The below question is applied specifically for a biotech application but may illustrate general principles for similar problems in other fields. It is an NP-hard problem that can be related to the Traveling Salesman Problem and I am curious what algorithms can be used to arrive at solutions.
Brief Bio background: Proteins are composed of 20 amino acids. DNA is composed of 4 bases - A, C, G, T. The DNA sequence for the protein determines the sequence of amino acids - each consecutive sequence of 3 DNA bases (the unit is called a codon) codes for one amino acid. A single amino acid can be coded by multiple codons, for example Valine has 4 ways of being coded.
Not all codons are made equal - some of them are processed faster than others. Also, not all codon PAIRS are made equal - some pairs are slower than others.
This means that for a particular gene of 100 amino acids (300 DNA bases), there are many ways of coding the same amino acid sequence, but with very different properties, such as processing speed.
Given a table of codon pairs with corresponding speed values, we'd like to write an algorithm that can output a sequence of desired speed, e.g. the fastest and slowest possible sequences, and a gradient in between. The input is a DNA sequence coding for a gene, and a dictionary of codon pairs and their respective speed score (-1 to 1). The output is the optimized DNA sequence and its whole speed score (which can be represented as a sum of all codon pair scores). The amino acid sequence must remain the same.
Example: if we have sequence AAATTTGGG coding for 3 amino acids, and we have the codon pairs with scores:
AAATTT = -0.5
TTTGGG = -0.5
then this sequence might have a score of -1.
Now if we also have the pair alternatives we can assess different possibilities:
AAATTG = -0.7 AAATTC = -0.3
TTGGGC = +0.2 TTCGGA = -1.0
One would find that the optimum sequence based on this info is AAATTCGGA since it gives an overall value of -1.3.
The complexity of this problem of course lies in the influence of a codon pair on all surrounding codon pairs.
The full codon pair chart would have 61*61 entries (because 3 codons stop the reading of the gene).
====
Questions
I believe this is an NP-hard problem and has relations to the TSP. I've seen one approach use a simulated annealing algorithm. I'm curious whether there are other insightful ways of considering this problem and corresponding algorithms and heuristics to produce desired outputs.
If dynamic programming, what approaches would be appropriate?
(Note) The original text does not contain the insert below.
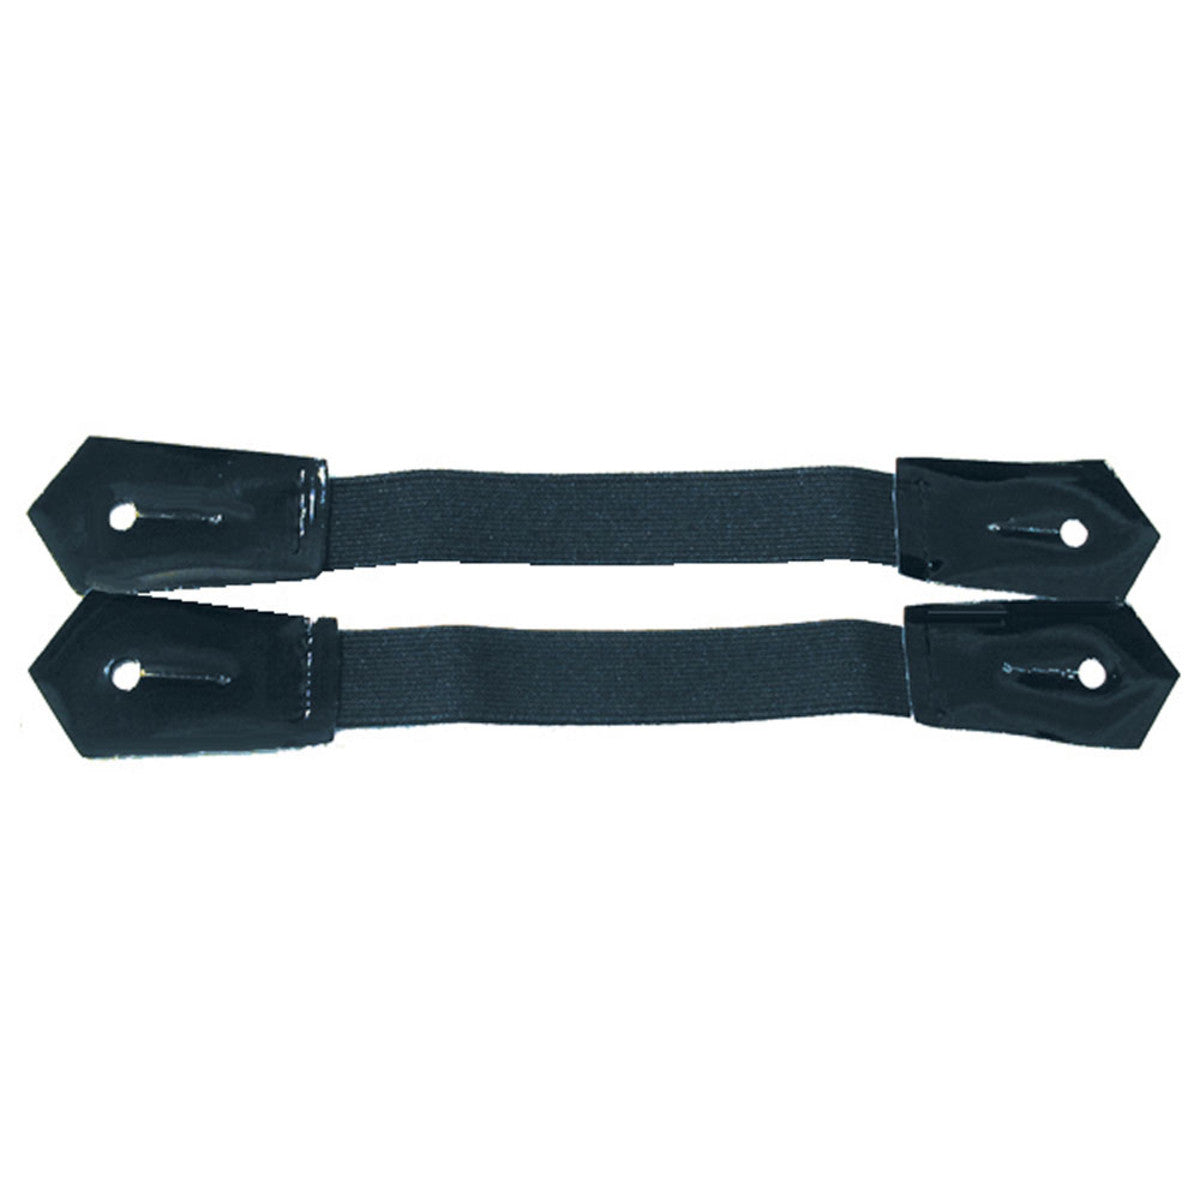 Jod Straps with Clips

Also, how can we use the algorithm to create a gradient of speed scores, instead of just maximum and minimum values?
Using a genetic algorithm you should be able to get sequences which achieve the desired objective. Say your goal is a speed of x, you can create a population of genes - each coding for the same gene but encoded by different codons. Then select, mate, and mutate for several generations until x is achieved (or close enough). The element of mutation/recombination would have to be at the codon level (as opposed to nucleotide level). To achieve a series of sequences with different speeds, run the algorithm multiple times with the different objective x.